Frank Zappa fans have clamored for the release of Roxy: The Movie for about 40 years now. I’m one of the lucky ducks who saw its world premiere at Hollywood’s Egyptian Theatre on Wednesday, and I am here to tell you that it is good.

About halfway through the screening, I noticed that my face hurt because my mouth had twisted up and frozen in the stupidest grin of which it is capable—the kind of grin that could destroy a family, or end a career. As I type this, some twenty-four hours later, my face is still ruined. The Roxy shows, represented on disc by 1974’s Roxy & Elsewhere and last year’s Roxy by Proxy, are among the most joyful presentations of Zappa’s music. The songs are celebratory, the performances are exuberant, the musicianship is virtuosic but not stiff or fussy, the sound is totally bitchen, and Zappa himself seems more relaxed and cheerful than (or at least not as sour as) he appeared at other points in his career. Biographer Neil Slaven attributes the light mood and spirit of camaraderie prevailing at the Roxy shows to the recent addition of Napoleon Murphy Brock, the outstanding tenor saxophonist and singer who belts “Cheepnis”:

Brock’s arrival brought important changes to the context of the group. He had a distinctive and flexible voice and struck up an immediate and overtly warm rapport with George Duke, sharing the broad and quick sense of humour that Frank had drawn out of the keyboard player. Their on-stage badinage, which both celebrated and satirised black consciousness, contrasted with Frank’s own studied bizarre humour and there were moments when one sensed that he was happy and relieved to become a sideman in his own group.

 

The woman with her hand down Zappa’s pants is named Joan, we learn
 
Before I saw Roxy, my favorite Zappa concert video was A Token of His Extreme, the 1974 special taped for public TV that features many of the same personnel: keyboardist and singer George Duke (a great artist in his own right), percussionist Ruth Underwood, bassist Tom Fowler, drummer Chester Thompson, and Brock—the One Size Fits All band, whose praises I sing. But Roxy trashes it. I just drove by the Goodwill and threw my Extreme DVD out the window. Roxy gives you one more drummer in addition to Thompson (Ralph Humphrey), trombonist Bruce Fowler playing impossible parts, and one of Zappa’s best-ever bands playing in a hot club rather than a cold TV studio. And there is so much to see at a Zappa show, and so much of the visual information is funny. Hearing Napoleon Murphy Brock and Bruce Fowler argue with their horns is bracing; watching it is hilarious.

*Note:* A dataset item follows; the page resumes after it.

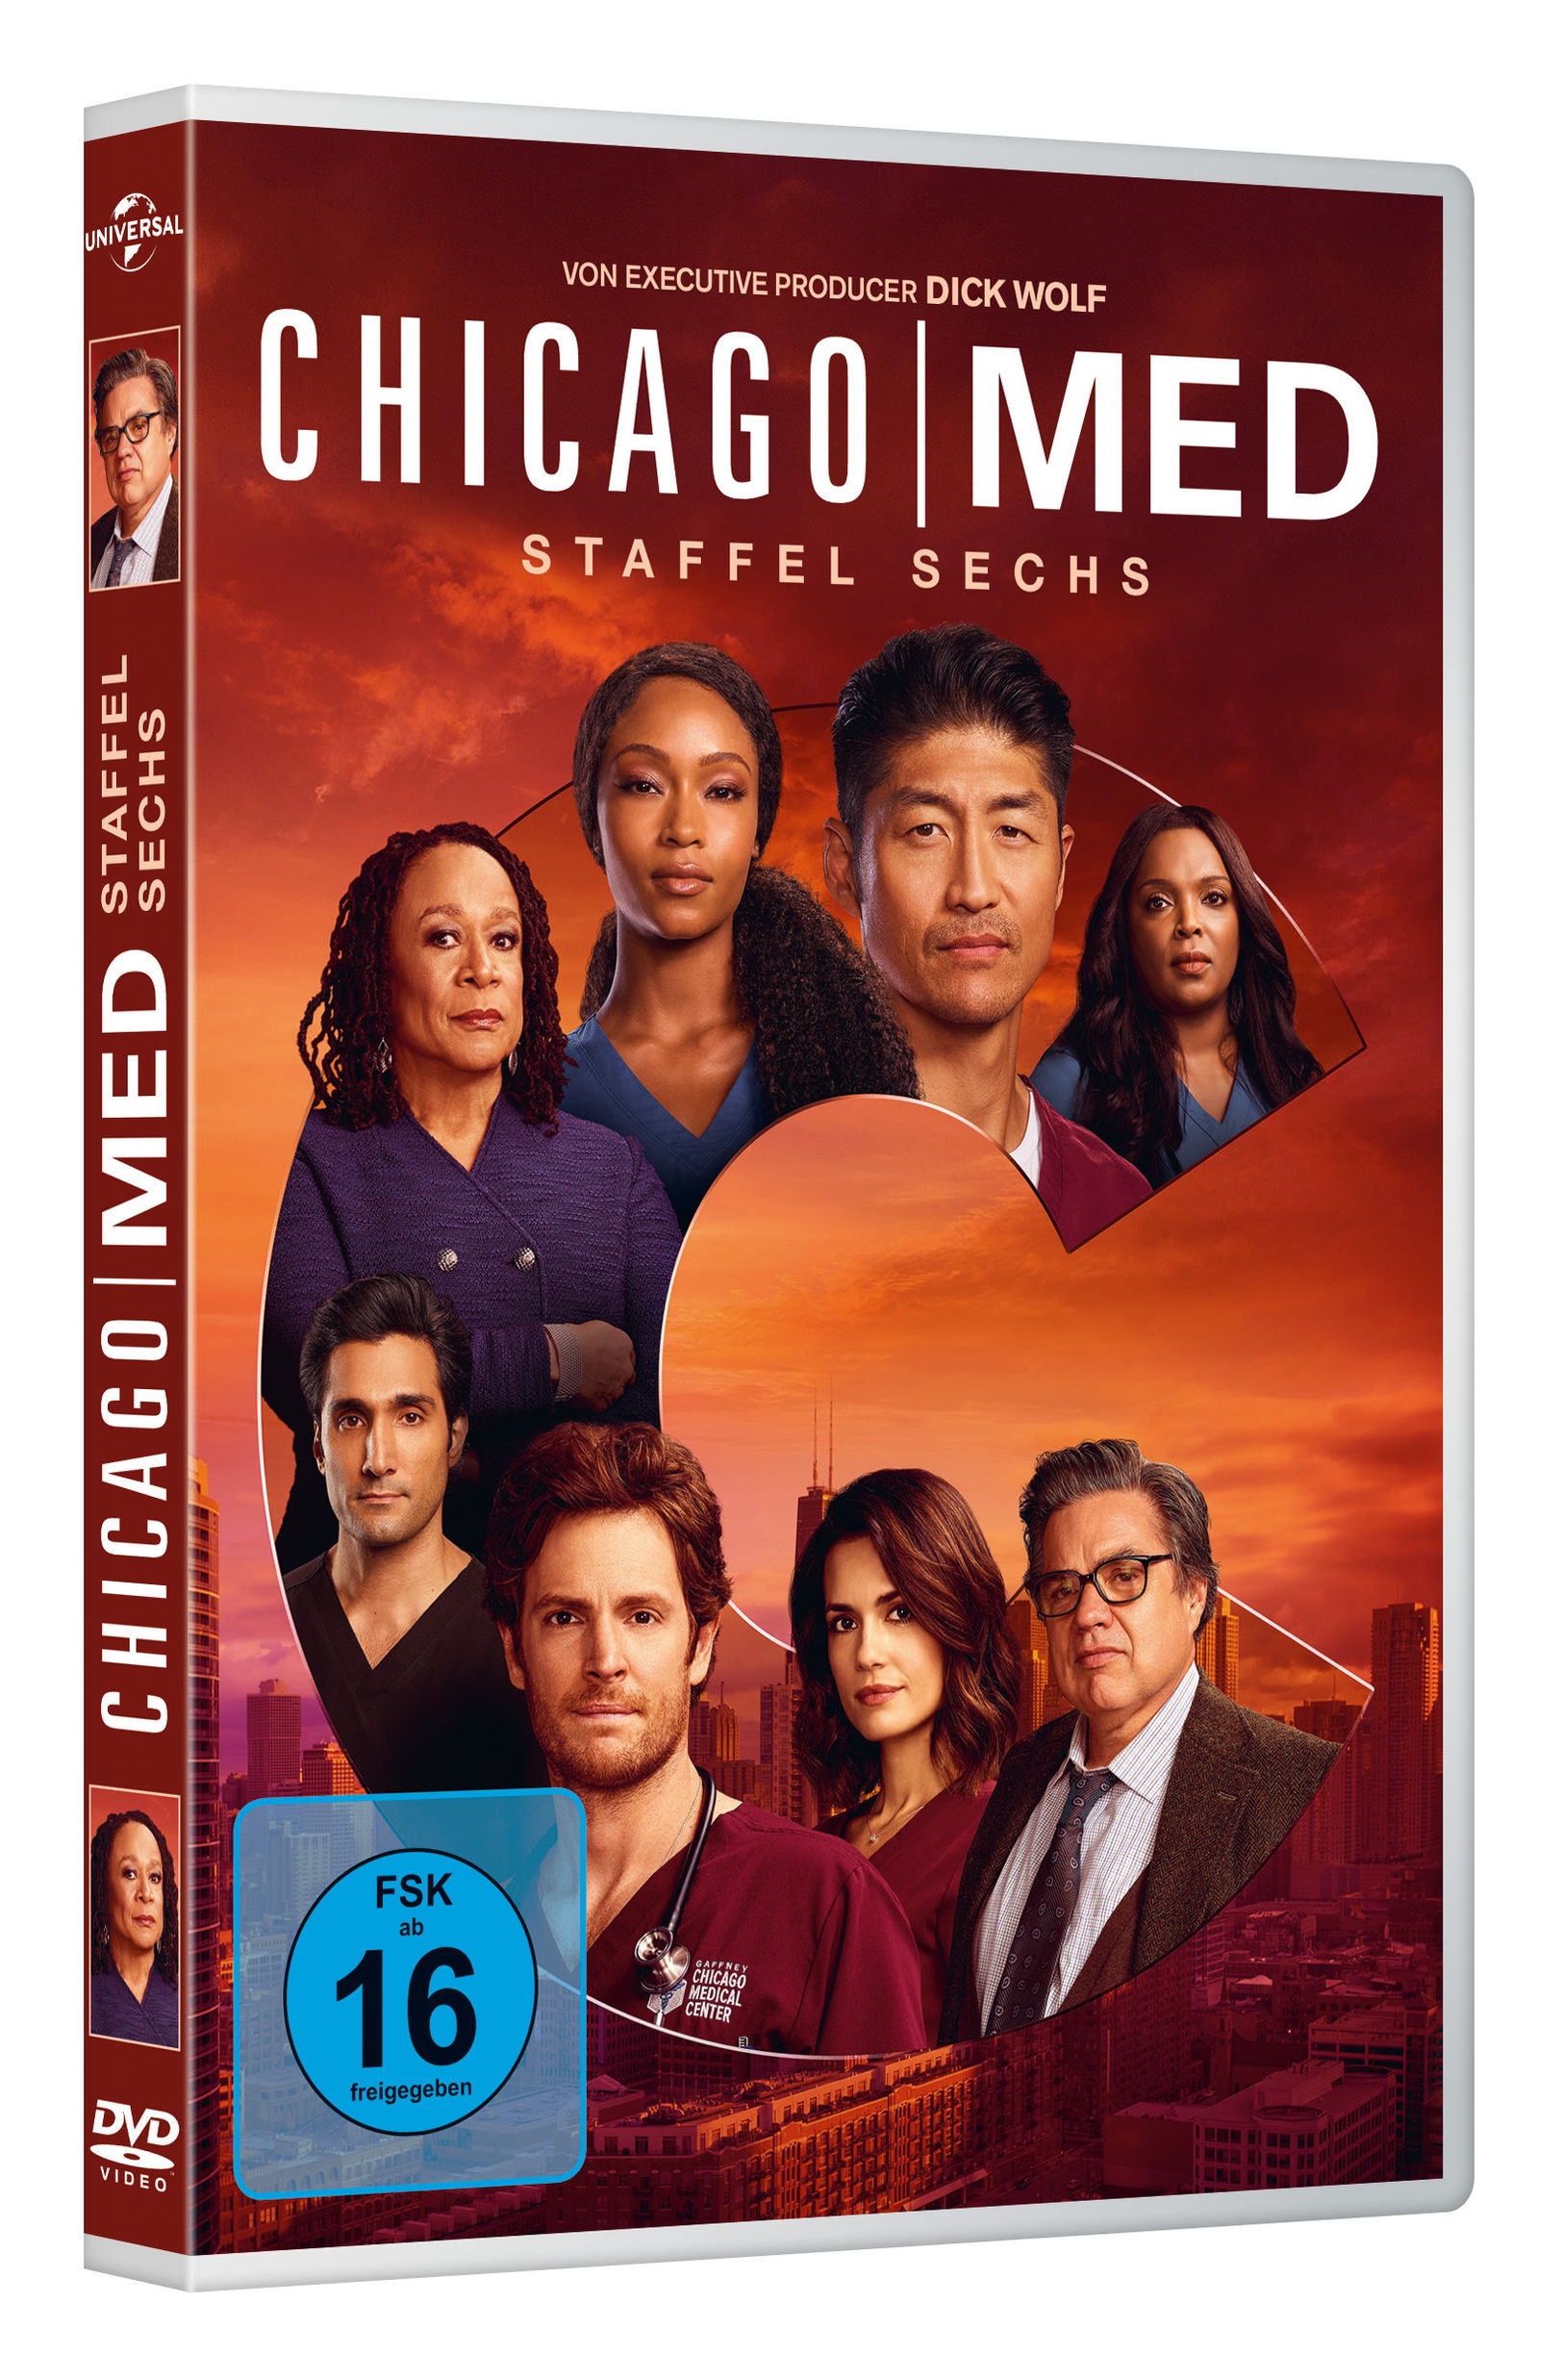 Chicago Med - Staffel 6 DVD bei Weltbild.de bestellen
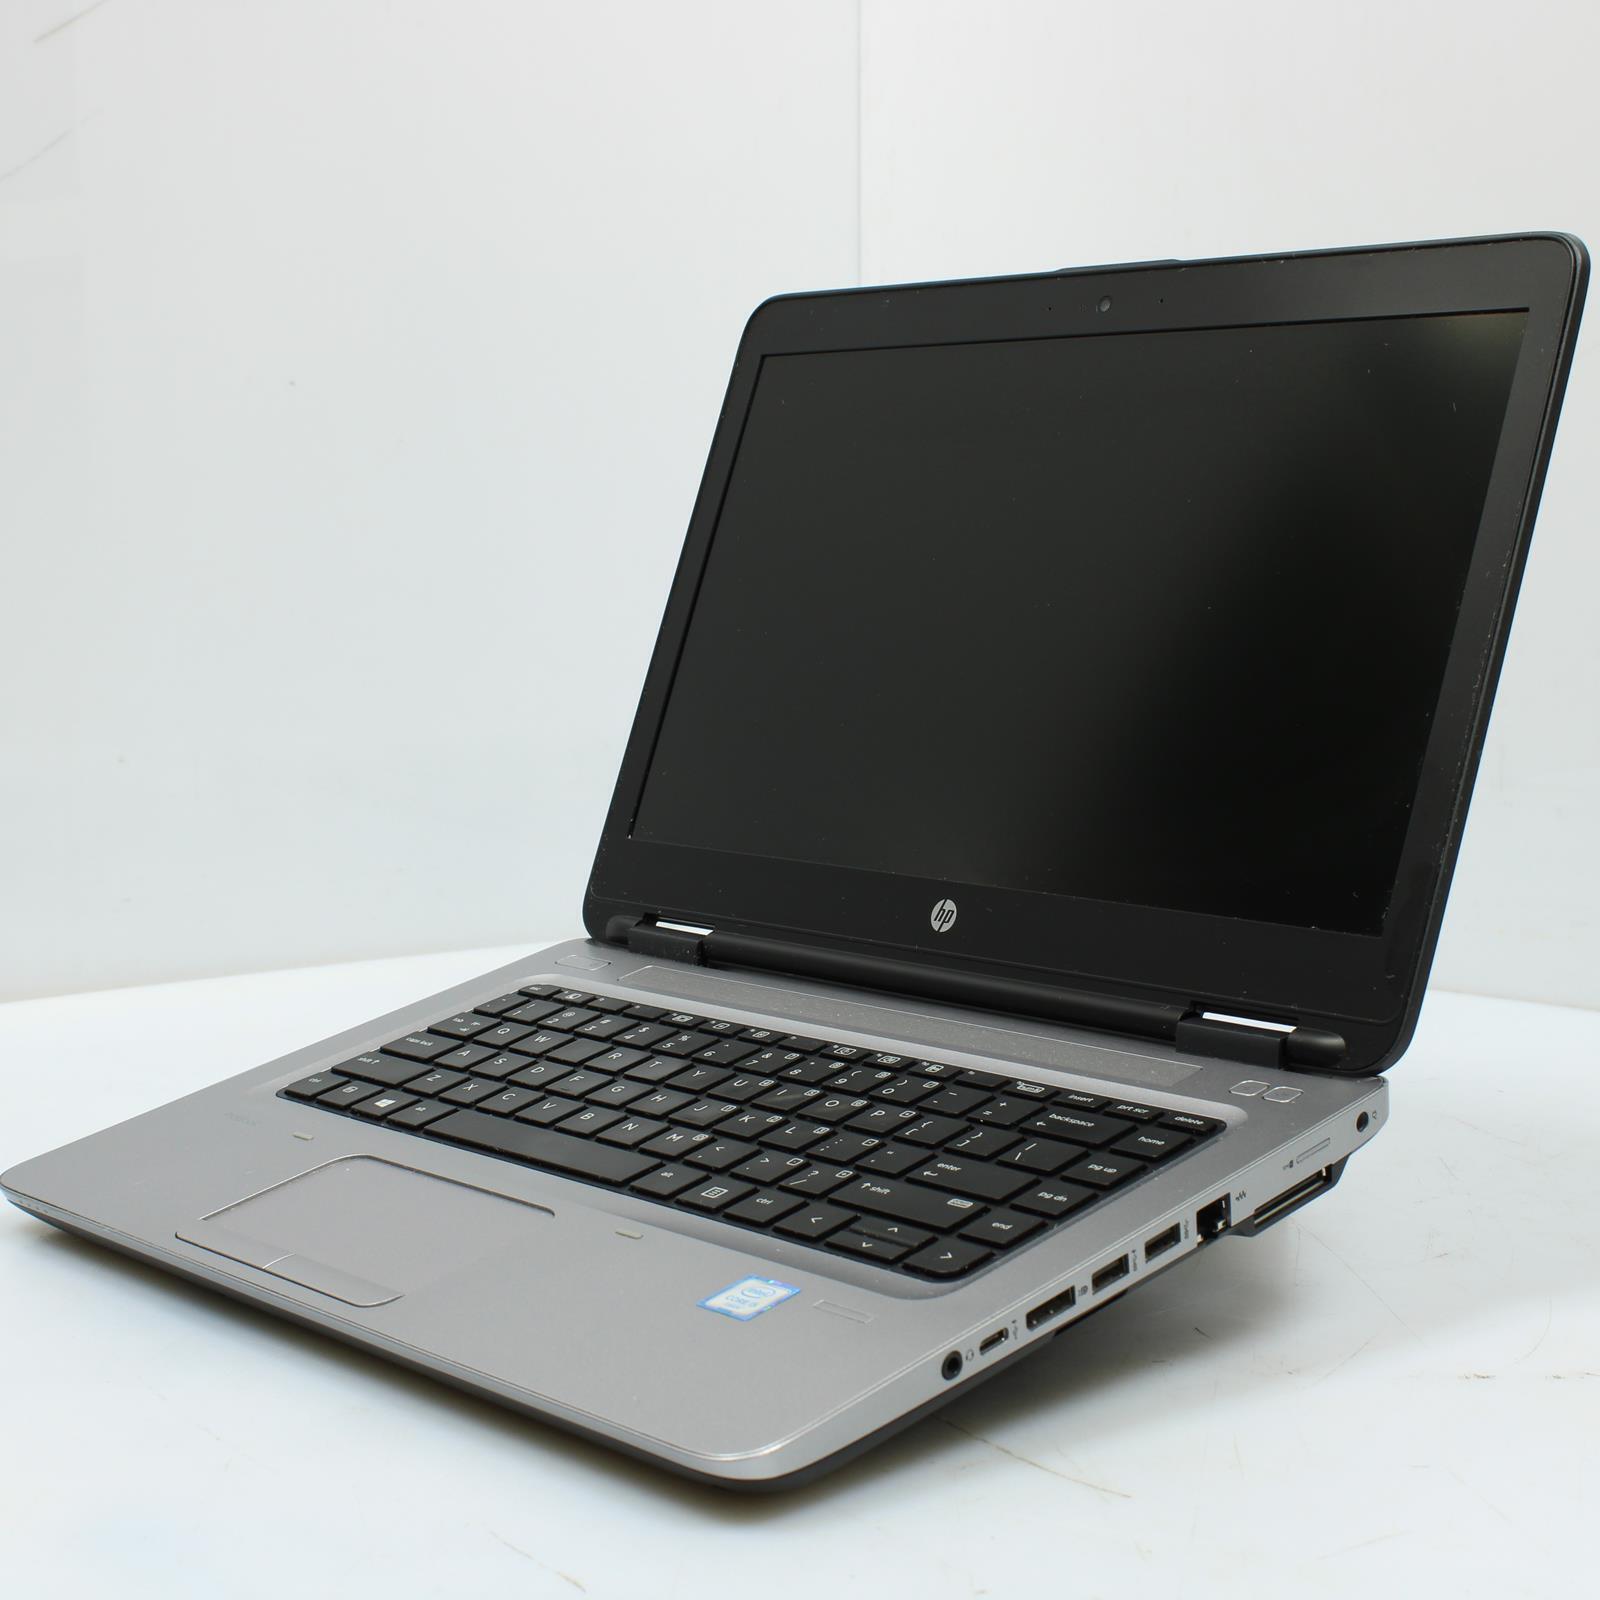 HP ProBook 640 G2 Intel Core i5 6th Gen 8GB No Drive/OS Laptop

I’m just old enough to remember when going to the Roxy was like this. People sat comfortably at tables, smoking, while waiters circulated with their backs to the stage, taking drink orders. (This is one of those rare cases where the past was actually better than the present.) However, I am nowhere near old enough to remember the denim-clad innocents and aging weirdos who apparently peopled the Sunset Strip during the early 70s. The audience participation, one of Roxy’s big treats, builds to an orgiastic climax on “Be-Bop Tango,” during which a “professional harlot” who has just entertained some of our boys at Edwards Air Force Base and original Hollywood freak Carl “Captain Fuck” Franzoni shake what the good Lord gave them (though He probably had other uses in mind).
 

 
Alex Winter, who is working on an authorized Zappa documentary, moderated the post-screening Q&A. Ralph Humphrey and Bruce Fowler came down from their seats to join the panel. Editor John Albarian, archivist (or “Vaultmeister”) Joe Travers and producer Jeff Stein explained that the over 40-year delay in the movie’s release was due to technical problems. A malfunction that took place four minutes into the first of the filmed concerts meant that the footage and sound could not be synced until the advent of digital technology; another glitch took out the crew’s intercom, with the result that much of what they shot bore no relationship to what was happening onstage (e.g., the camera is on Zappa’s foot while George Duke takes a solo). Albarian consequently had to do a lot of “cheating” in the editing room, which he said was made easier by the band’s wardrobe (black T-shirts and blue jeans every night). I couldn’t tell; more importantly, Humphrey, who like actually played these shows, told us he couldn’t tell either.

Ahmet Zappa introduced the film and joined the panel afterwards, and when he wasn’t fantasizing about sodomizing the Vaultmeister, he was sharing valuable information. He told us about a tape he’d recently heard of his father jamming with Eric Clapton in 1967 (“bonkers”); that his uncle says his late mother, Gail, saved America in her capacity as a CIA agent; and that Captain Beefheart once ended an argument with Frank by plunging his hands into an ice chest, letting the cubes slip between his fingers, and declaring “Diamonds!”

The tracklist:

Cosmik Debris
Penguin In Bondage
T’Mershi Duween
The Dog Breath Variations/Uncle Meat
RDNZL
Inca Roads (the “cocktail” version)
Echidna’s Arf (Of You)
Don’t You Ever Wash That Thing? 
Cheepnis-Percussion
Cheepnis
I’m The Slime
Big Swifty
Be-Bop Tango (Of The Old Jazzmen’s Church) 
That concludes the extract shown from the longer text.